Ultrasonographic Assessment of the Pronator Quadratus Muscle after Surgical Treatment for Distal Radius Fractures.
10.12671/jkfs.2017.30.2.69
- Author:
Dong Hyuk CHOI
1
;
Hyun Kyun CHUNG
;
Ji Won LEE
;
Cheol Hwan KIM
;
Yong Soo CHOI
Author Information
1. Department of Orthopedic Surgery, Kwangju Christian Hospital, Gwangju, Korea. stemcellchoi@naver.com
- Publication Type:Original Article
- Keywords:
Distal radius fracture;
Pronator quadratus;
Ultrasonography
- MeSH:
Atrophy;
Follow-Up Studies;
Hand Strength;
Humans;
Pronation;
Radius Fractures*;
Radius*;
Range of Motion, Articular;
Ultrasonography;
Wrist
- From:Journal of the Korean Fracture Society
2017;30(2):69-74
- CountryRepublic of Korea
- Language:Korean
-
Abstract:
PURPOSE: This study was to assess the morphological changes of the pronator quadratus (PQ) muscle using an ultrasonography in the volar locking plate fixation group and in the percutaneous K-wire fixation group for distal radius fracture, and to evaluate the impact on clinical outcomes. MATERIALS AND METHODS: Fifty-four patients who received surgical treatment for distal radius fracture were enrolled in this study.
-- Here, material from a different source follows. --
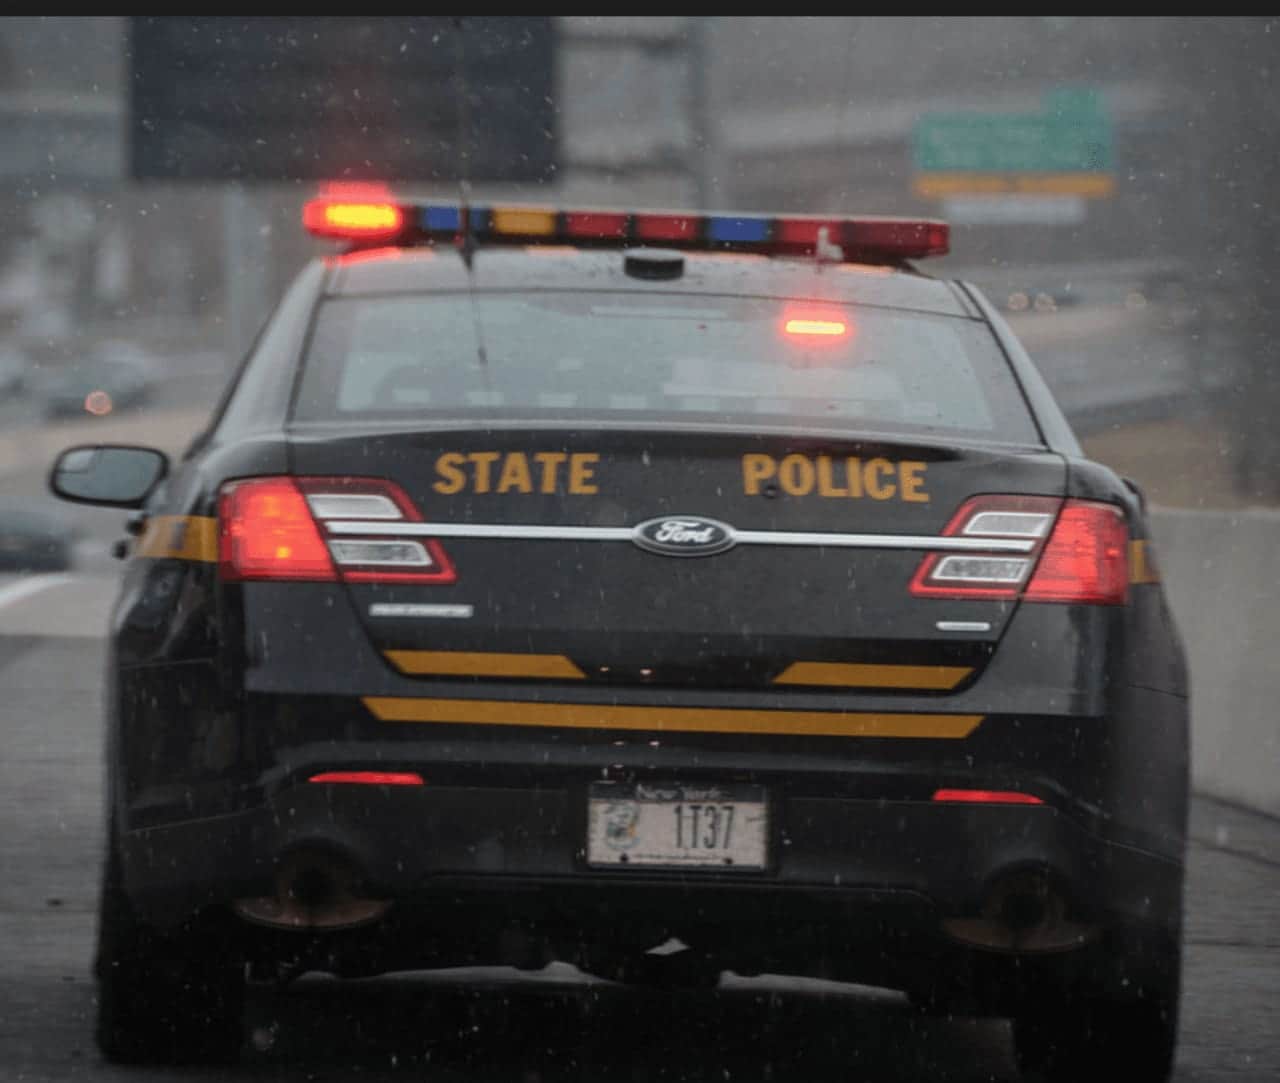 state police made the DWI arrests between Friday, Nov. 18 and Sunday, Nov. 20.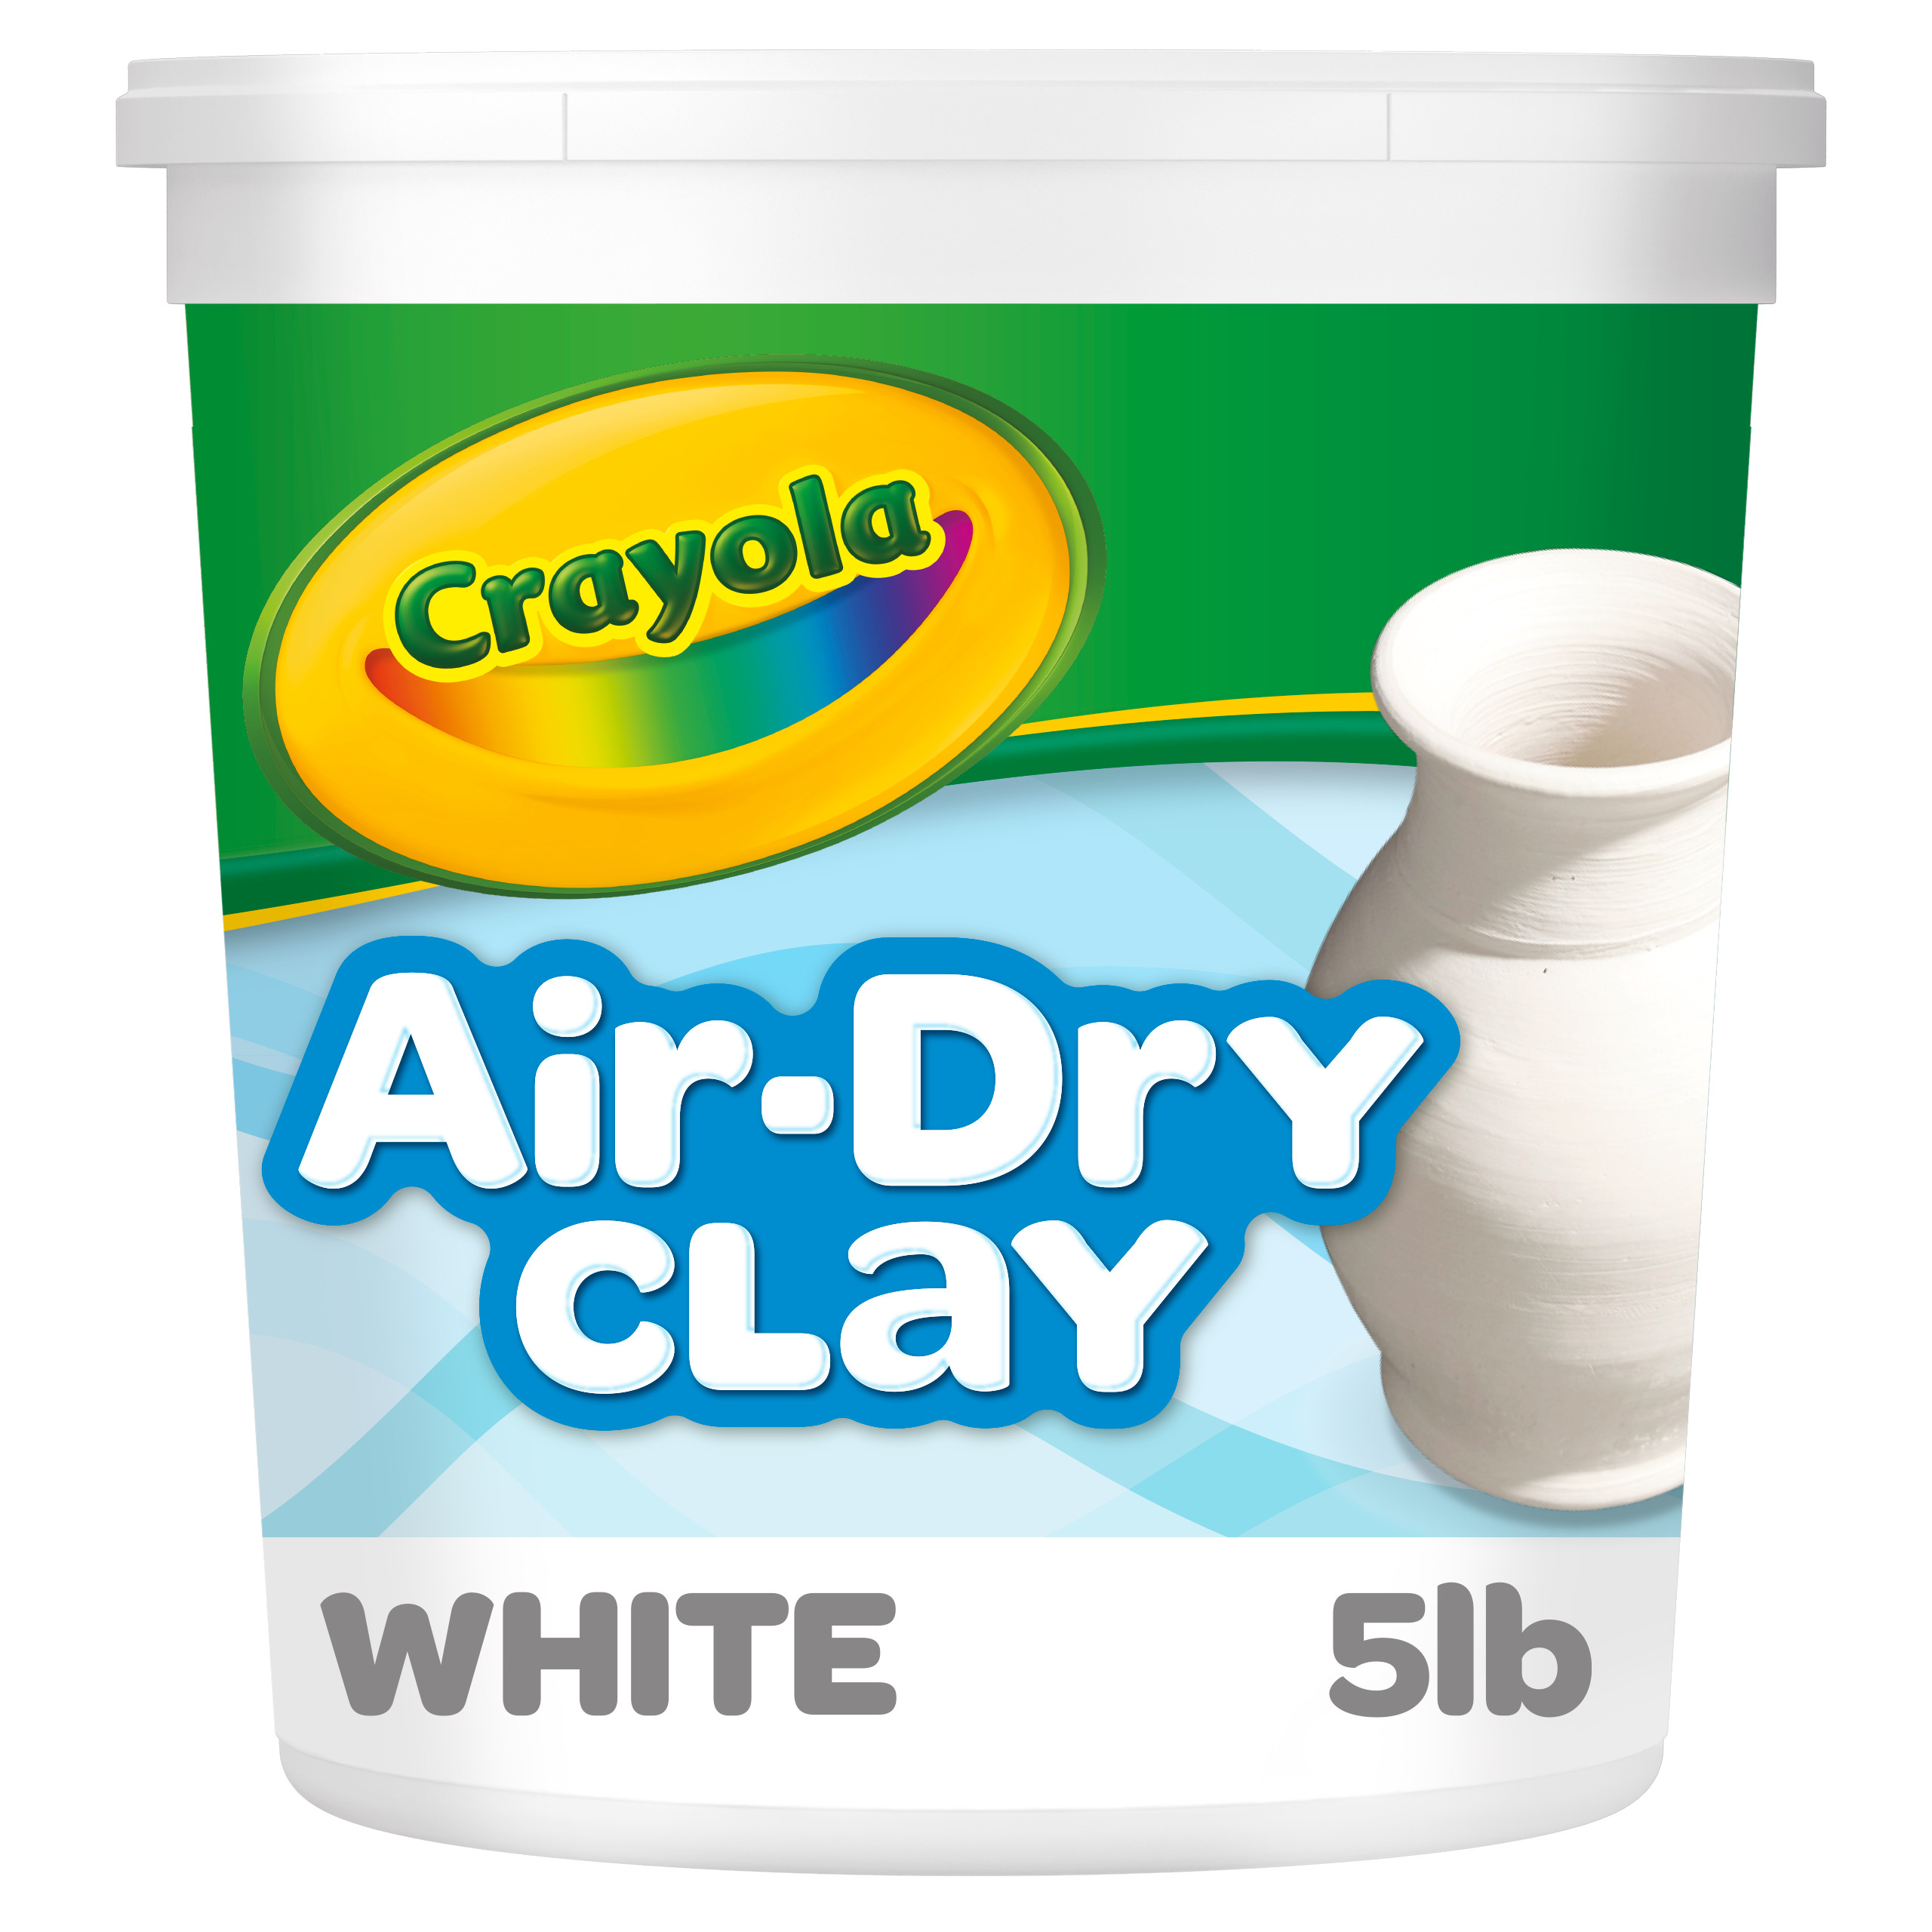 Crayola Air Dry Clay Bucket, No Bake Clay for Kids, 5Lbs, White, Easter Craft Supplies, Art Supplies - image 1 of 10

They were divided into two groups according to treatment modality: Group 1 included 34 patients who underwent internal fixation with volar locking plate and Group 2 included 20 patients with percutaneous K-wire fixation. Thickness of the PQ muscle was measured using an ultrasonography at the final follow-up. We evaluated the outcomes using the Mayo wrist score, wrist range of motion, and grip strength at the final follow-up. RESULTS: Compared with the uninjured side, thickness of the PQ muscle showed 31.9% of mean atrophy in Group 1 and 11.4% in Group 2. The atrophy of PQ muscle was severe in Group 1 (p=0.01). However, there was no significant difference in the mean Mayo wrist score between the two groups (83.1±10.9 in Group 1 and 80.2±8.9 in Group 2, p=0.28), except a mild limitation of pronation in Group 1. CONCLUSION: The healed PQ muscle from fracture itself after distal radius fracture revealed a morphological atrophy. Moreover, the volar locking plate resulted in greater atrophy of the PQ muscle, but there was no specific impact on clinical outcomes.